The key to building lasting habits

To build and maintain better habits we need to examine their mechanics first. Then we can learn from them. Even the bad ones.

5 min read

There’s a nineteenth-century joke about quitting smoking. It goes something like, “giving up smoking is the easiest thing in the world. I know because I’ve done it thousands of times.” Often attributed to Mark Twain or C.W Fields, it’s an old quote about an old struggle. We’re very experienced habit strugglers by now.


It’s nothing new. The thing that perhaps goes unnoticed, is it’s just as hard to establish good habits as it is to break bad ones. Plenty of people want to be up at 4am scribbling out their daily to-do list. Hopefully a neat one, and stylish enough to be framed in a gallery. If the Internet is anything to go by, there’s definitely a desire to become that organized person. The truth is many of us aren’t quite there yet.

How habits work

Looking more closely at how habits actually work though, can be a really useful way to make positive changes, according to The Power of Habit author Charles Duhigg.
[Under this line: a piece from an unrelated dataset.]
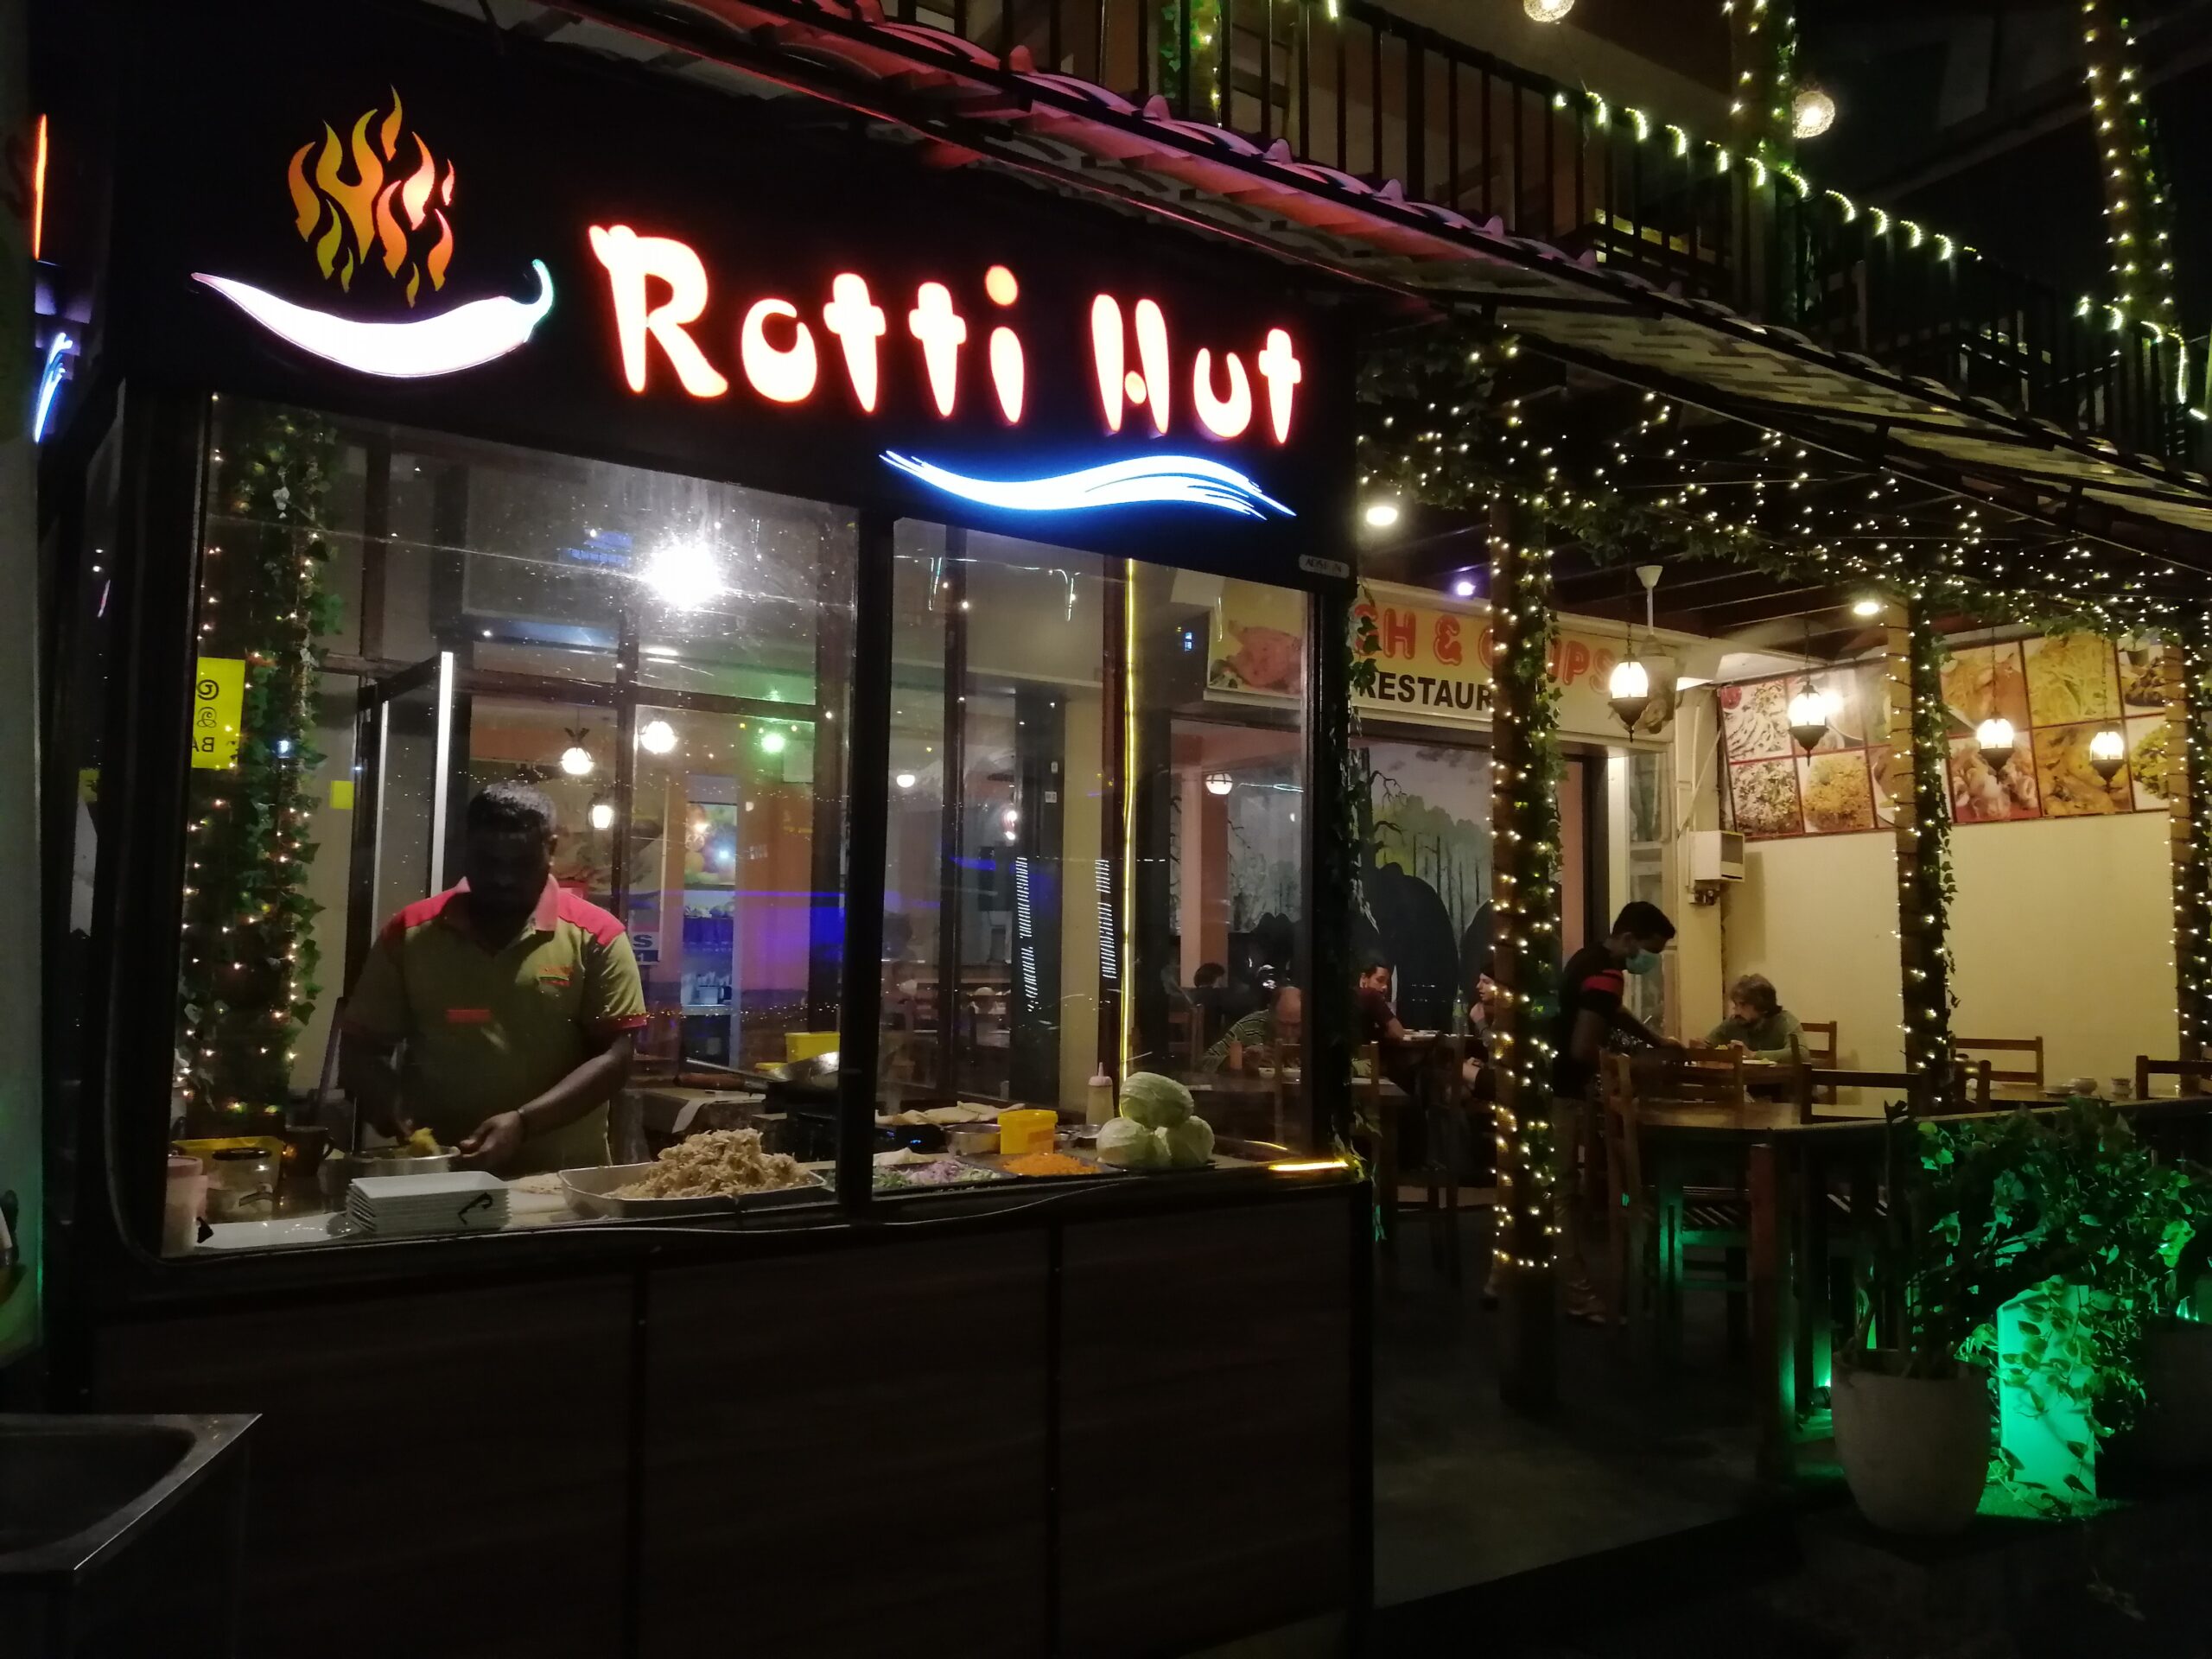 Ella Rotti Hut Restaurant - Restaurants In Ella, Sri Lanka

As it turns out, what gives bad habits such power is related to the ease and speed with which they reward us. Smoking, for example, delivers an addictive nicotine hit in about six seconds. Instant gratification. On the other hand, activities like studying a new language can be frustrating at first but incredibly rewarding later. Luckily, there are some hacks.

Create a reward system

One strategy is to invent your very own reward system. Duhigg suggests putting your sneakers by your bed to inspire a morning run. When you get back, he says you should reward yourself with some chocolate. What happens is sooner or later you start to associate your run with a delicious chocolate prize. Whether the ultimate goal is to train more, write more, or just become more organized, the key could be finding the right cues and payoffs to match your intended healthy habits.

Start small


Once you’ve grasped the underlying idea, it’s easier to set up cues around you that inspire positive actions and make it irresistibly easy to get started. Want to start the day with your bullet journal? You could keep your favourite writing tool on your bedside table, or maybe right beside the coffee machine?

James Clear, Author; Atomic Habits
James Clear, Author; Atomic Habits

For larger goals like the classic ‘I want to be more organized,’ it may help to break it down into smaller parts. As James Clear, author of Atomic Habits, puts it:

“too often, we let our motivations and desires drive us into a frenzy as we try to solve an entire problem at once instead of starting a small, new routine.”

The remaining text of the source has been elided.